Further, there are several types of communities.  Most broadly bucketed, there are communities of individuals with skills to contribute to a greater, and specific, work effort (e.g. 3D printed ventilators) and there are communities of individuals whose principal means of contributing to the cause is through the modulation of their own behavior and consumption (e.g. participating in social distancing, supporting the local community by purchasing gift cards at businesses at risk, and buying groceries for their elderly neighbor).  Both of these types of communities could be of value to the effort to mitigate climate disaster.  In the former case, through the enablement of talent to engage on problems of relevance.  In the latter, by providing best practices and social reward for adherence to them.   

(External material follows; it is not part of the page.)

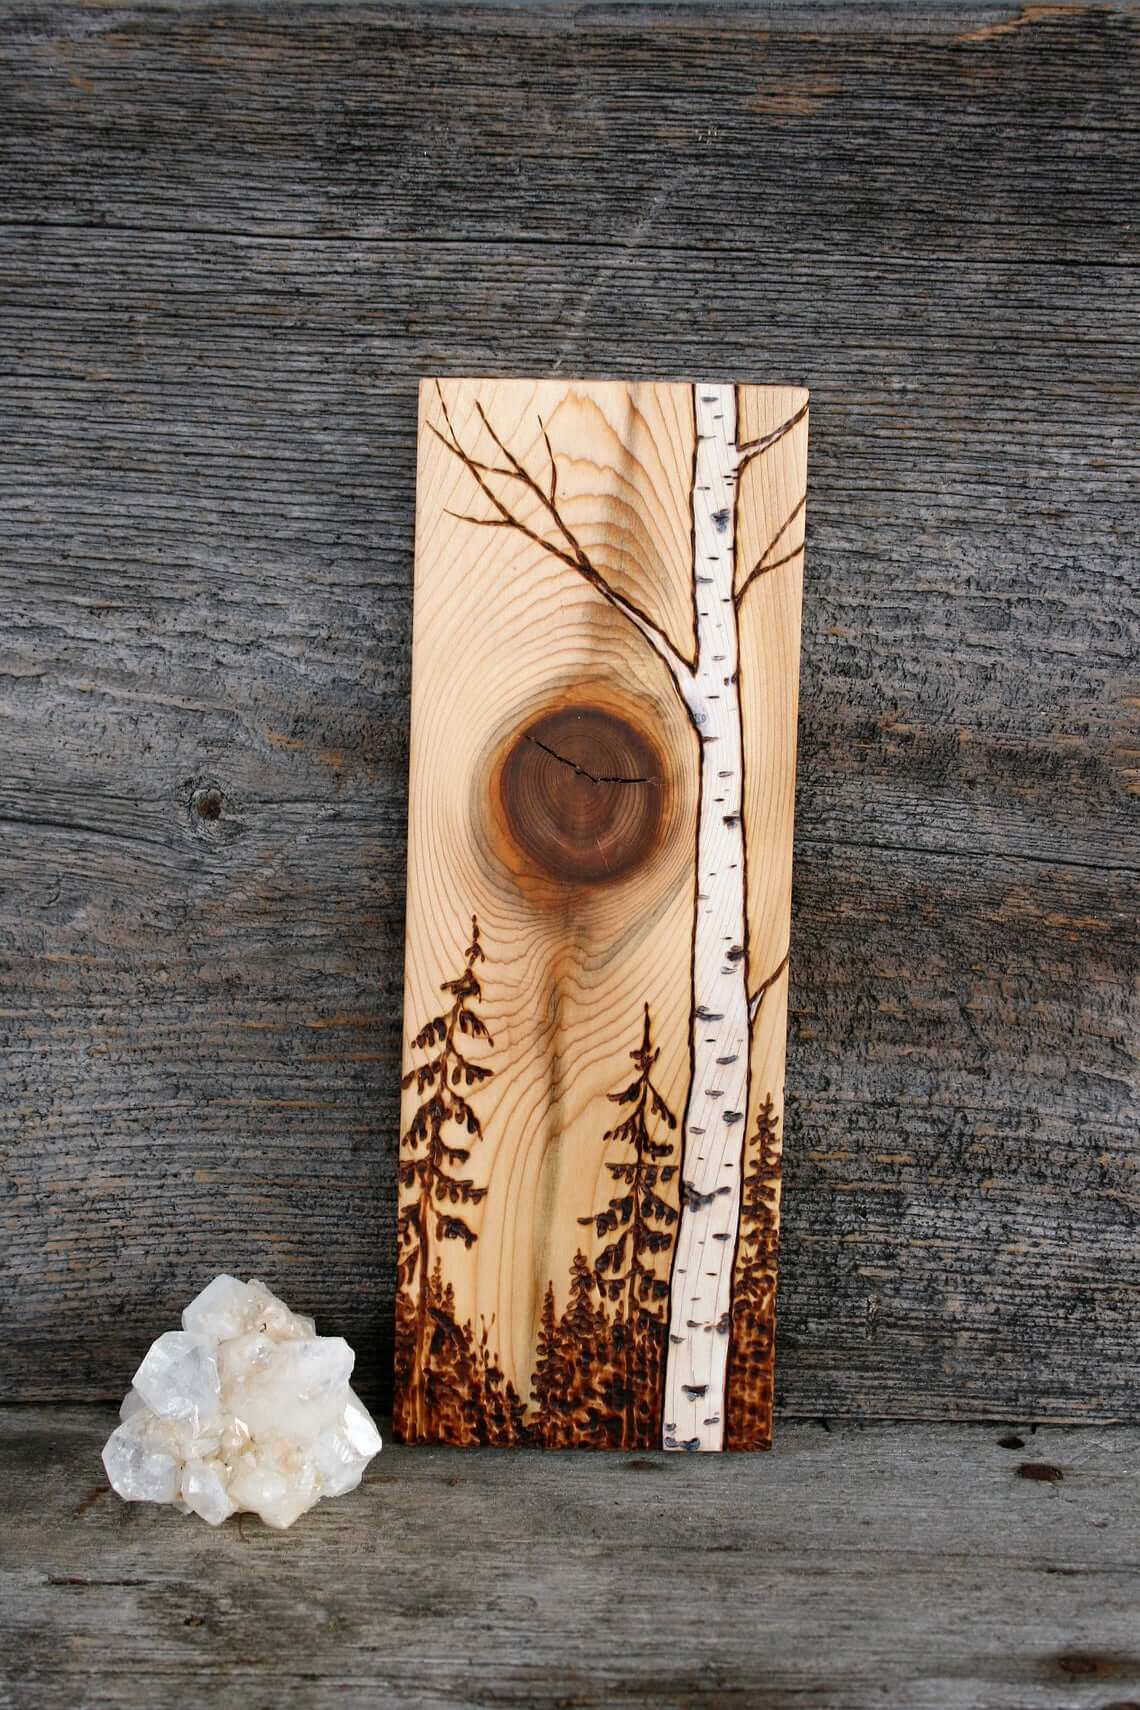 Wood Burned Glowing Sun Art Piece
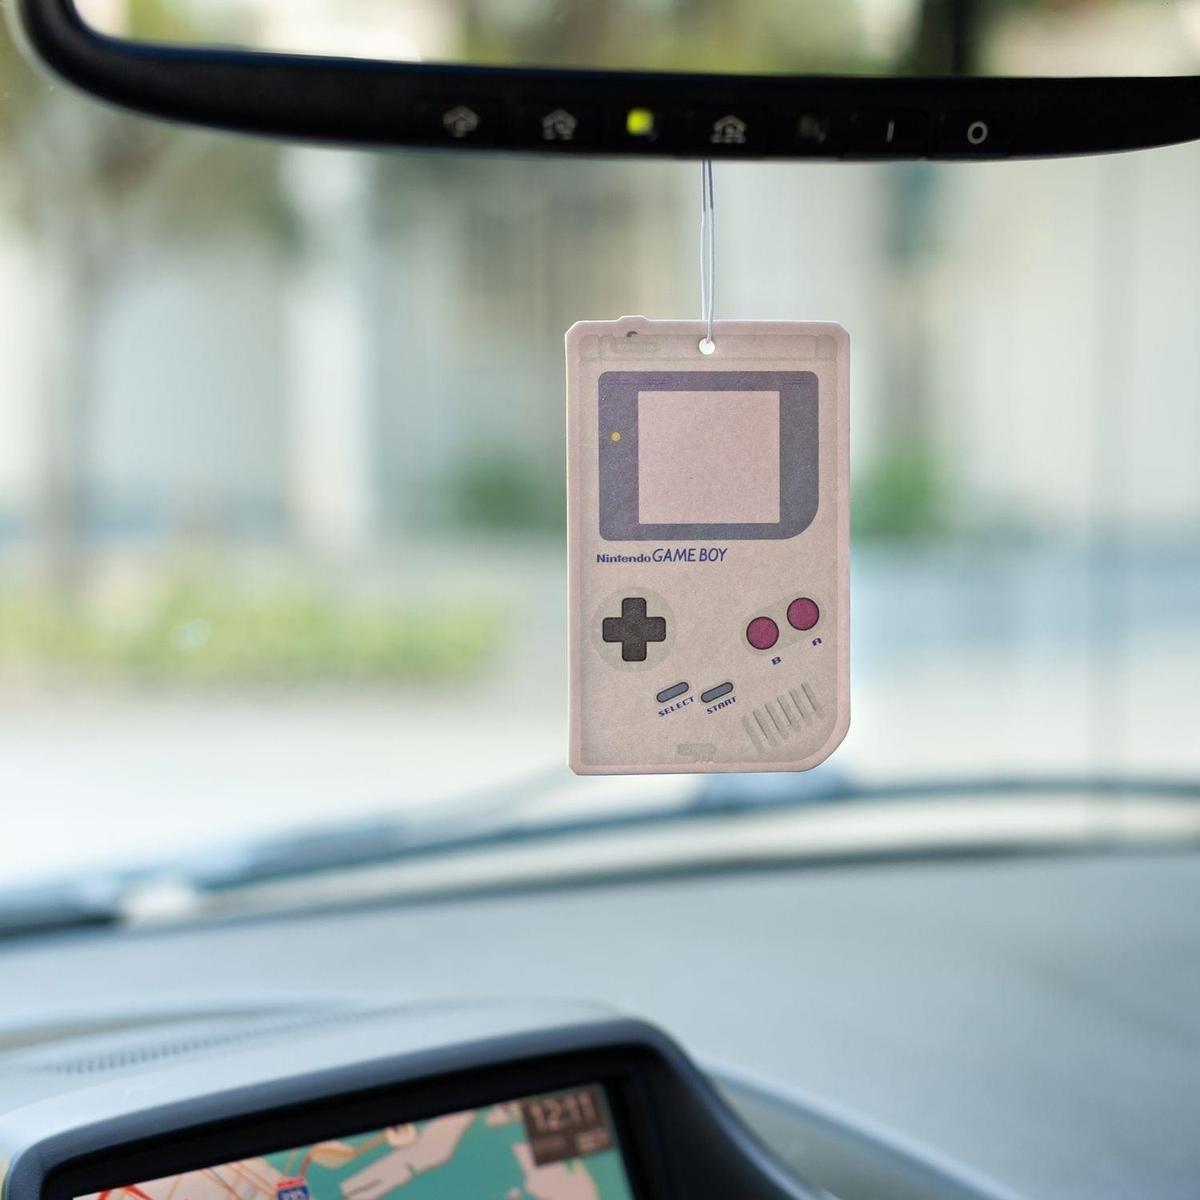 The white freshener shaped like an original Game Boy

Societies and governments with more central authority organized around collective principles will be better-equipped to take political action and more effective in managing this crisis

The statement is obvious.  What is less obvious is what we can learn from the organization of these societies, the actions that they take, and the concentration of authority in government around issues of existential societal magnitude.

Marginalia:

  • Communities with a culture of care-of-neighbor will be more resilient
  • People will adapt remarkably fast to new realities and adjust their metrics of quality of life accordingly
  • People will adapt remarkably fast to new regulatory realities and society will adjust to new norms
  • A felt disaster can permanently shift behavior

Where to Dig

What are the relevant networks that are responding?  The relevant systems worth analyzing?

  • Countries
  • States 
  • Cities
  • Local communities
  • Online networks of scientists and engineers
  • Online networks of individuals looking for answers / best practices
  • Volunteer communities
  • Social networks

The Cost

We could have planned for, and eliminated the extreme damage of, COVID-19 with 100B dollars, instead of it costing >5T dollars.  In this we find perhaps the most stunning analogy to climate.  While acting now would cost on the order of 1% of GDP, if we wait 20-30 years, we will be forced to spend upwards of 5% of GDP just to manage climate adaptation.  But there is a yet more terrifying issue with our failure to address climate disaster.  While we can still address COVID, even though we failed to take early action, we won’t be able to address climate once we reach tipping points.  We’re on a one-way road.  Hopefully the present crisis will help remind us that we do have agency over our collective future and that the actions that we take today are indeed of consequence.

References

Stern, N. (2007). The Economics of Climate Change: The Stern Review (1 edition). Cambridge University Press.